Participatory Budgeting in the US and Canada: March 2012 in New York, NY

Josh Lerner (Co-Director, The Participatory Budgeting Project) shared this conference announcement via the NCDD listserv:

International Conference: Participatory Budgeting in the US and Canada
March 2012
New York City, NY

From the email:

In a time of widespread budget crises and plummeting trust in government, politicians and community members are searching for more democratic and accountable ways to manage public money. Participatory Budgeting (PB) offers an alternative. PB is a democratic process in which community members directly decide how to spend part of a public budget. The process was first developed in Brazil in 1989, and there are now over 1,000 participatory budgets around the world. Most are for city budgets, but counties, states, towns, housing authorities, schools, and other institutions have also used PB to open up public spending to public participation.

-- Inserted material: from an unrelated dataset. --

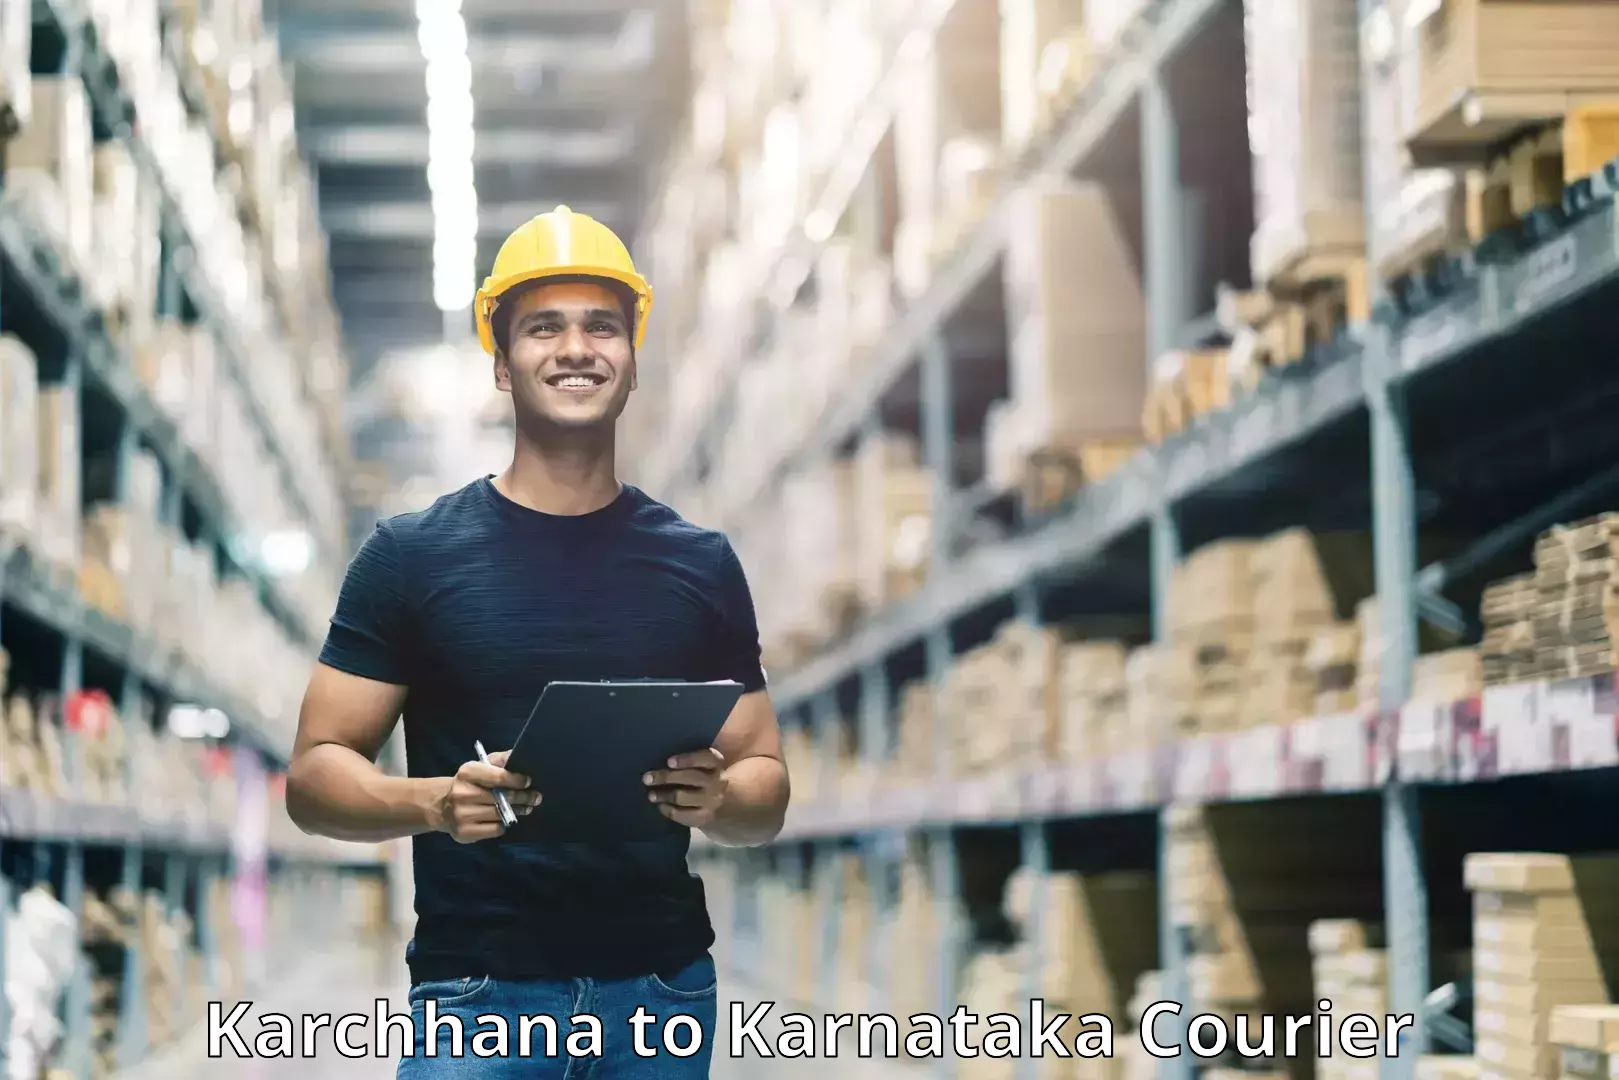 Supply chain efficiency Karchhana to Eedu

PB is now common in Latin America, Europe, Asia, and Africa – and in some cases even required by law. Yet it has only recently appeared on the radar in the US and Canada, with a few Canadian processes starting in 2001 and some initial US experiments starting in 2009.

This first regional conference on PB will take place in New York City to allow participants to observe and celebrate the closing of the city’s first PB cycle. The conference will provide a space for participants and organizers of the initial PB processes in the US and Canada to share and reflect on their experiences so far, alongside interested activists, practitioners, and scholars.


Conference Themes

As an opportunity to reflect upon early PB initiatives in the US and Canada, and build new relationships and collaborations between practitioners, the conference will focus on the following questions. We encourage all submissions relating to these and other similar themes.

  1. What is the current state of PB practice in the United States and Canada? How are current experiments progressing and what efforts to establish new PB’s are underway?
  2. What common themes or conditions underlie PB experiences in the US ad Canada?
  3. How do experiences in these countries differ from PB in other parts of the world?
  4. How do PB experiences in the US and Canada inform key ongoing debates on PB worldwide?
  5. How can PB practitioners, activists, and participants in the US and Canada support each others’ efforts?

The call for proposals ends January 1, 2012.

Participation around money and budgets is an exciting field with plenty of opportunities for online engagement, and a lot of good work in that area is already happening around the world. Being based on the West Coast, this conference sounds like a great excuse to visit New York City.